The 1986 federal law prohibiting the employment of illegal aliens does not include provisions for waivers - a point that was noted by Utah’s own legislative attorneys. Thus, the executive branch has no authority to negotiate, much less issue, a waiver that would allow Utah to turn illegal aliens into legal guest workers. To do so would require the Obama administration to invalidate unilaterally a federal statute. …

 

To date, the only reaction from the Department of Justice to Utah’s blatant usurpation of the federal government's exclusive authority over the power to regulate immigration has been a vague statement that they are “monitoring” the situation.
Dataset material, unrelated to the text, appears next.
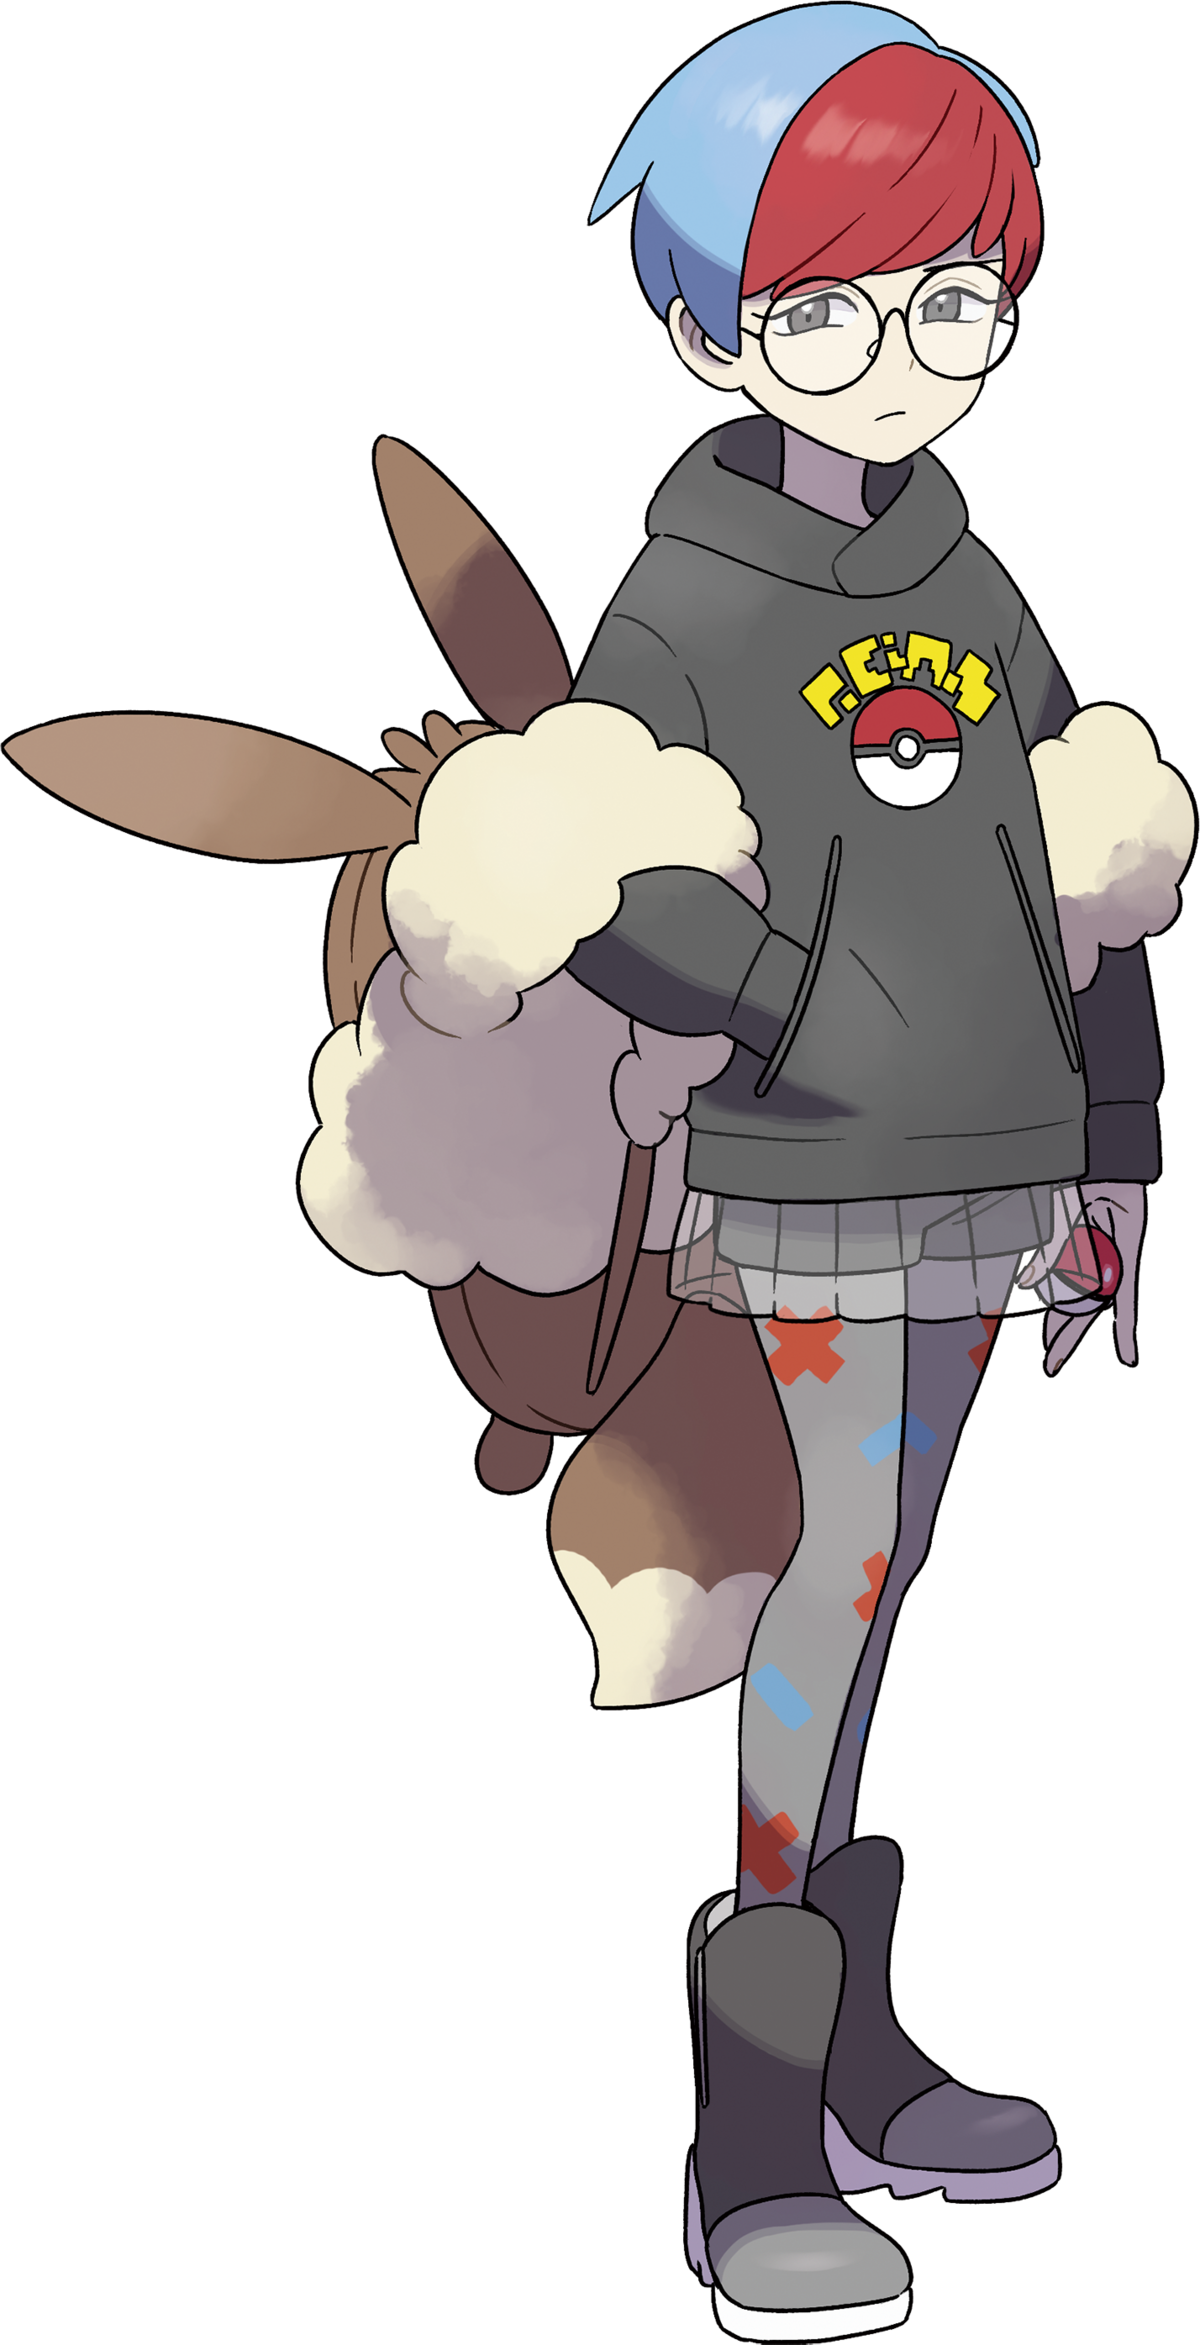 Cetitan (Pokémon) - Bulbapedia, the community-driven Pokémon
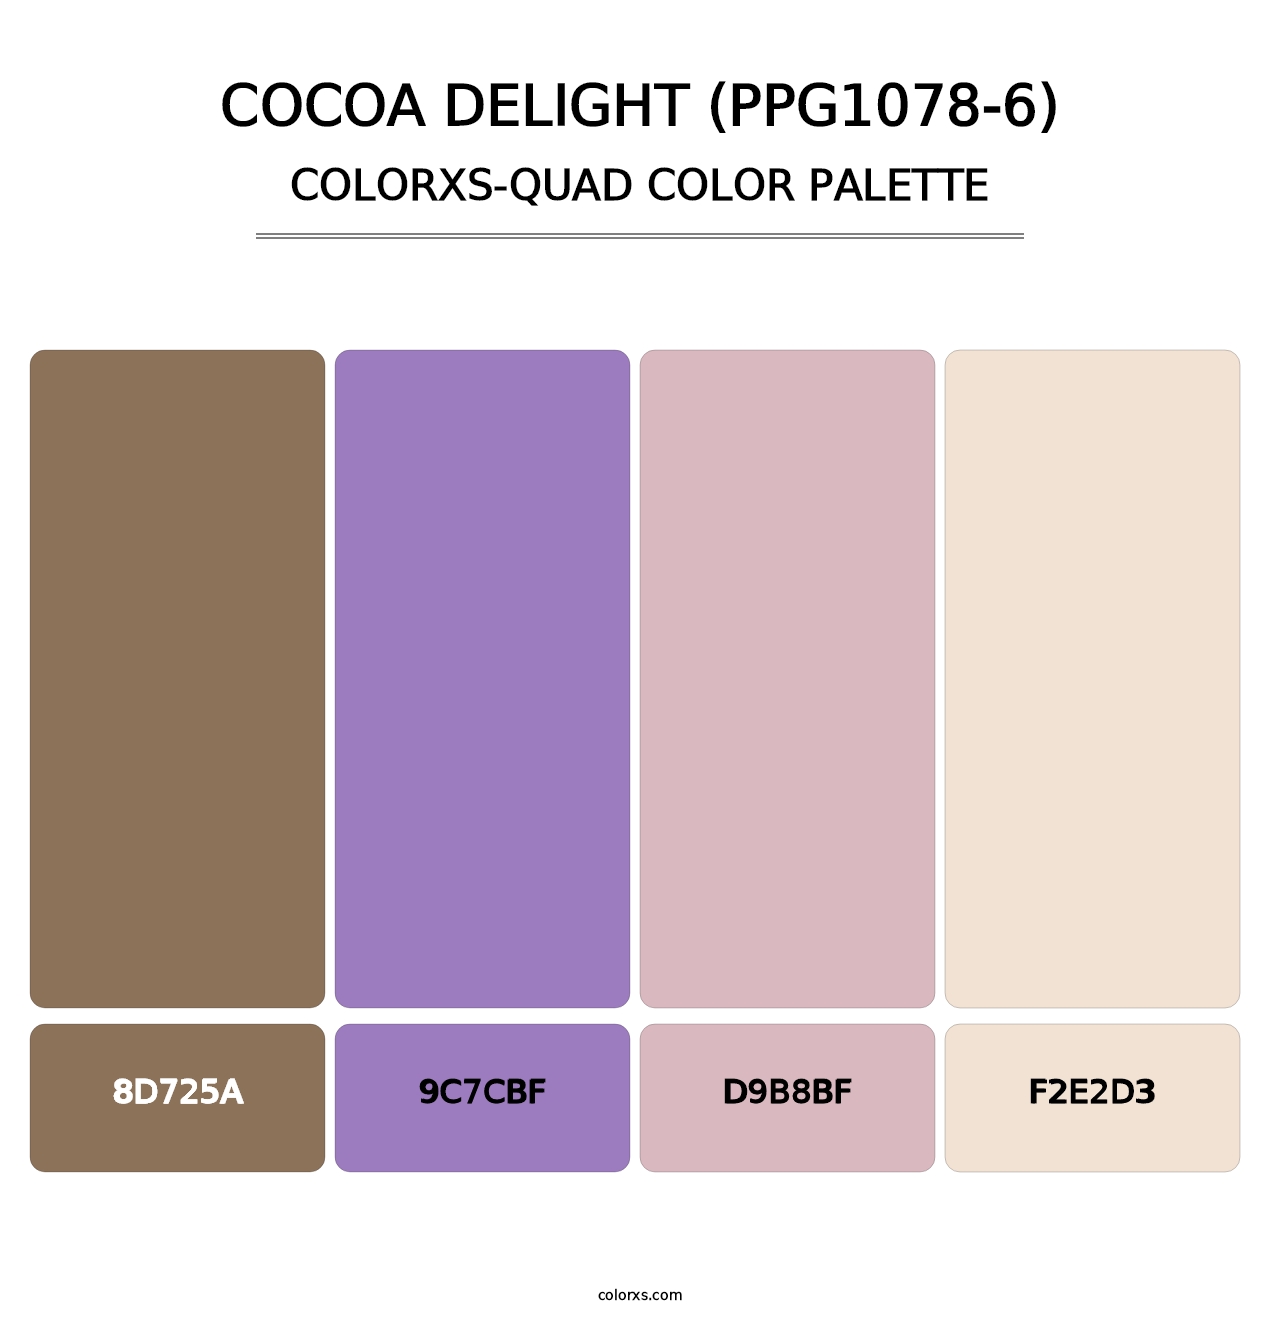 Cocoa Delight (PPG1078-6) - Colorxs Quad Palette

That tepid response speaks volumes about the administration’s willingness to subvert the Constitution to achieve political ends. Arizona’s effort to enforce immigration laws passed by Congress follows a long line of legal precedent that clearly establishes the right of state and local governments to assist in the enforcement of federal immigration laws. Utah, on the other hand, is flagrantly disregarding the federal government’s constitutional authority over immigration policy. …

 

The administration’s failure to sue Utah could trigger a constitutional confrontation over the separation of powers. The Constitution vests the legislative branch with exclusive authority to make immigration laws. The role of the executive branch is to carry out the laws enacted by Congress (whether the administration in office likes those laws or not). Waiving a core provision of U.S. immigration law - the prohibition against the employment of illegal aliens - would clearly exceed any reasonable discretion that the Constitution affords the president in carrying out the law.